Human GI cells retrained to produce insulin
By switching off a single gene, scientists at Columbia University's Naomi Berrie Diabetes Center have converted human gastrointestinal cells into insulin-producing cells, demonstrating in principle that a drug could retrain cells inside a person's GI tract to produce insulin.
The new research was reported today in the online issue of the journal Nature Communications.
"People have been talking about turning one cell into another for a long time, but until now we hadn't gotten to the point of creating a fully functional insulin-producing cell by the manipulation of a single target," said the study's senior author, Domenico Accili, MD, the Russell Berrie Foundation Professor of Diabetes (in Medicine) at Columbia University Medical Center (CUMC).
The finding raises the possibility that cells lost in type 1 diabetes may be more easily replaced through the reeducation of existing cells than through the transplantation of new cells created from embryonic or adult stem cells.
For nearly two decades, researchers have been trying to make surrogate insulin-producing cells for type 1 diabetes patients. In type 1 diabetes, the body's natural insulin-producing cells are destroyed by the immune system.

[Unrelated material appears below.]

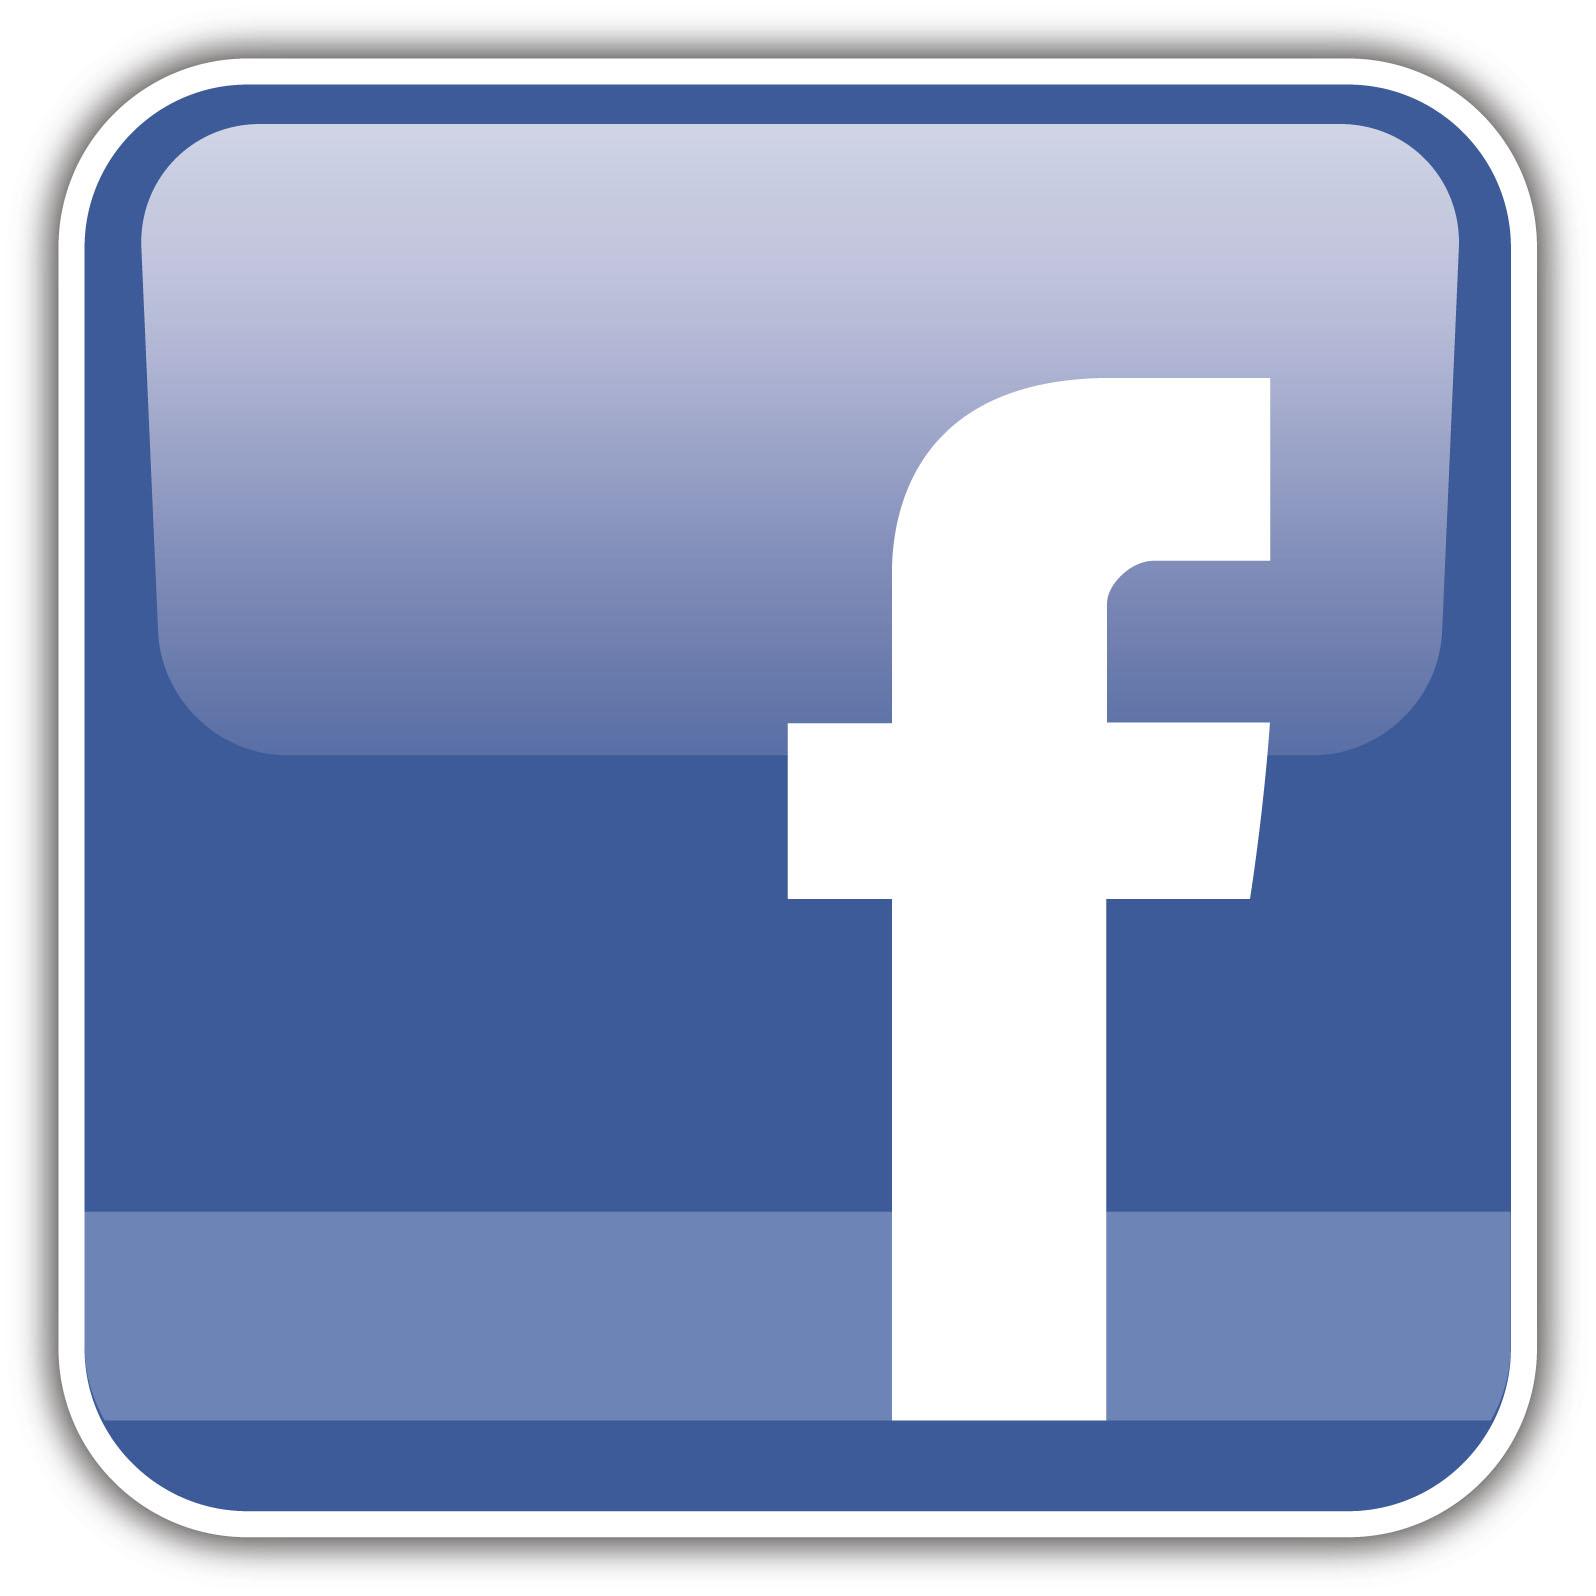 Facebook_icon
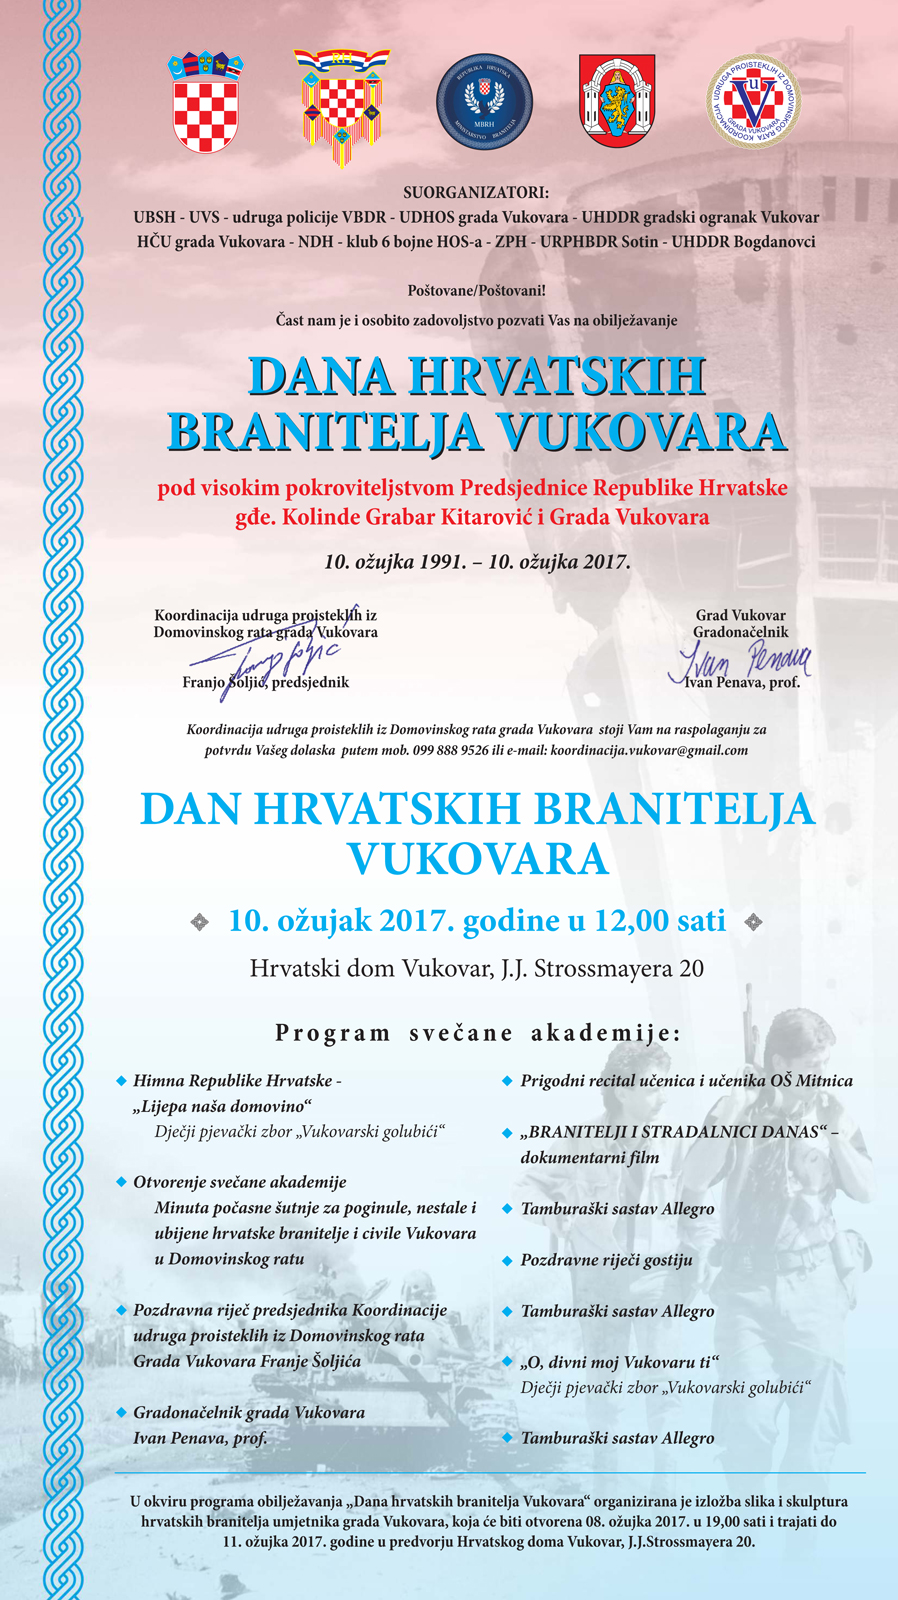 LokalnaHrvatska.hr Vukovar Dan hrvatskih branitelja-2017

Although insulin-producing cells can now be made in the lab from stem cells, these cells do not yet have all the functions of naturally occurring pancreatic beta cells.
This has led some researchers to try instead to transform existing cells in a patient into insulin-producers. Previous work by Dr. Accili's lab had shown that mouse intestinal cells can be transformed into insulin-producing cells; the current Columbia study shows that this technique also works in human cells.
The Columbia researchers were able to teach human gut cells to make insulin in response to physiological circumstances by deactivating the cells' FOXO1 gene.
Dr. Accili and postdoctoral fellow Ryotaro Bouchi first created a tissue model of the human intestine with human pluripotent stem cells. Through genetic engineering, they then deactivated any functioning FOXO1 inside the intestinal cells. After seven days, some of the cells started releasing insulin and, equally important, only in response to glucose.
The team had used a comparable approach in its earlier, mouse study. In the mice, insulin made by gut cells was released into the bloodstream, worked like normal insulin, and was able to nearly normalize blood glucose levels in otherwise diabetic mice: http://newsroom.cumc.columbia.edu/blog/2012/03/12/new-approach-to-treating-type-i-diabetes/. That work, which was reported in 2012 in the journal Nature Genetics, has since received independent confirmation from another group.
"By showing that human cells can respond in the same way as mouse cells, we have cleared a main hurdle and can now move forward to try to make this treatment a reality," Dr. Accili said.
The key will be finding a drug that can inhibit FOXO1 in the gastrointestinal cells of people; Dr. Accili is now looking for suitable compounds.
Co-author Rudolph L. Leibel, MD, the Christopher J. Murphy Memorial Professor of Diabetes Research, professor of pediatrics and medicine, and co-director of the Naomi Berrie Diabetes Center at CUMC, said that "this work provides a new research tool for investigating the basic biology underlying the important relationships between the gut and insulin-producing cells, as well as a clear indication of the potential clinical utility of stem cell-based approaches to diabetes."
The paper is titled "FOXO1 inhibition yields functional insulin-producing cells in human gut organoid cultures."